The man on the ground was Maksim Iovenko. The 31-year-old was shot dead by Russian forces that were positioned at the roadside. His wife Ksenia, who was in the car, was also killed.
....
Then, on 7 March, they lost all power. With no electricity, heating or food, Maksim, Ksenia and other families staying in the area decided to return to Kyiv. They knew they risked running into Russian troops along the highway, but they thought they could make it through safely.
Maksim's car was third in the convoy, made up of about 50 people in total, including other children. In the windows of his car, he had put handwritten signs on white paper that read: "Children." His friend was part of the same convoy, and it was his mother who was in the car with Maksim and Ksenia, and he was able to tell Sergiy what happened.
When the shooting started, Maksim's car was hit. "The car's engine stalled," Sergiy says. "My son jumped out of the car, he raised his hands and started shouting that there was a child in the car, so that the child would be saved."
It's not clear why the rest of the convoy fell behind the first three cars, but Sergiy believes many of those driving behind turned back when they saw the cars in front turning and heard the gunshots.
After the shooting, Maksim's body was left on the highway and Ksenia's was left in the car. Maksim's son and his friend's mother were told by Russian soldiers to walk back along the road. When they got a safe distance from the Russian soldiers, she called her husband, who came to take them to safety. They returned to the dacha, and were evacuated safely to Kyiv the next day.
IMAGE SOURCE,
JEREMY BOWEN
Image caption,
A burned out car on the road where Maksim and Ksenia were killed
The boy is with his grandmother in a safe location in Ukraine but away from Kyiv, where Sergiy remains.
On Friday, Sergiy received a call informing him that the area had been re-taken by Ukrainian forces. There was more bad news.
"They burned everyone. Burned the cars as well," Sergiy says.

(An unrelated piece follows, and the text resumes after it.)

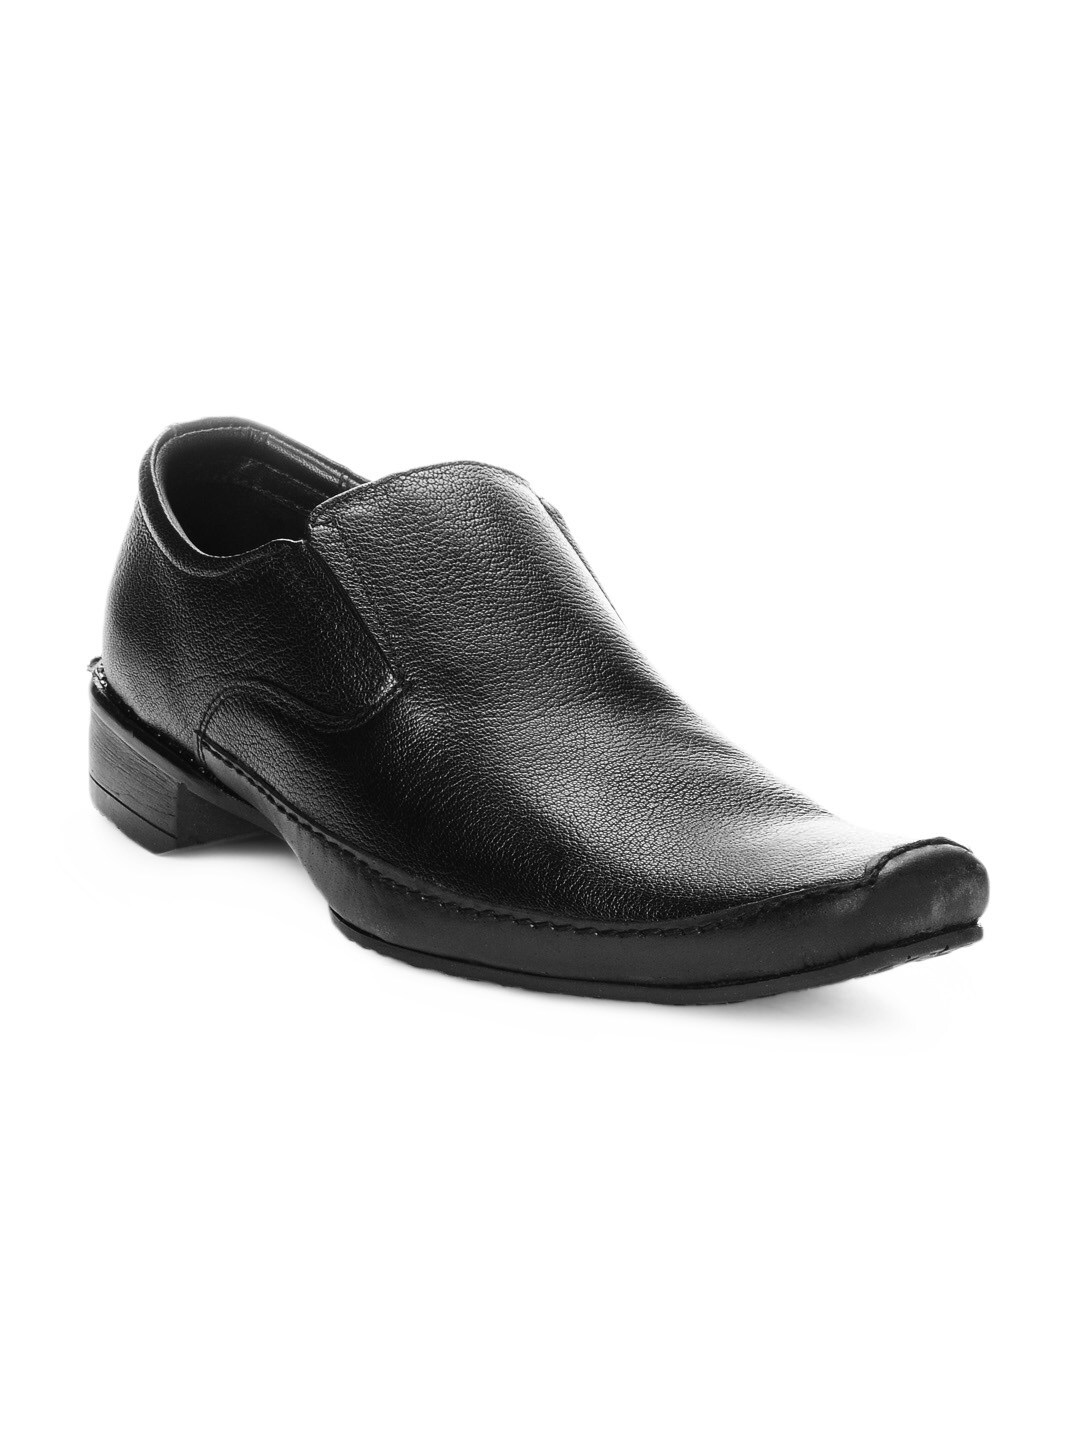 Franco Leone Men Black Formal Shoes

A team of BBC journalists taken to the same stretch of road saw many burned cars and bodies. Among them was Maksim's car, riddled with shrapnel and reduced to a shell by fire, with the burned remains of a body inside it and one on the road beside it, still wearing a wedding ring.
Full report here
It's business as usual (for now anyway) it seems as they replaced the cancelled Rio Tinto supply of bauxite with West African suppliers, whatever happens to the plant if Oleg Deripaska finds himself on the EU sanctions list is unknown, though I can't see if putting the plant at risk (it's currently the largest Aluminia plant in Europe), mind you I think the plant was only secure for another few years anyway, perhaps the future operation will be reviewed in light of the circumstances.
A total of 1,872 Nuclear Explosions to 1992
(I don't know whether Hiroshima & Nagasaki are included)
In total nuclear test megatonnage, from 1945 to 1992, 520 atmospheric nuclear explosions (including eight underwater) were conducted with a total yield of 545 megatons, with a peak occurring in 1961–1962, when 340 megatons were detonated in the atmosphere by the United States and Soviet Union, while the estimated number of underground nuclear tests conducted in the period from 1957 to 1992 was 1,352 explosions with a total yield of 90 Mt.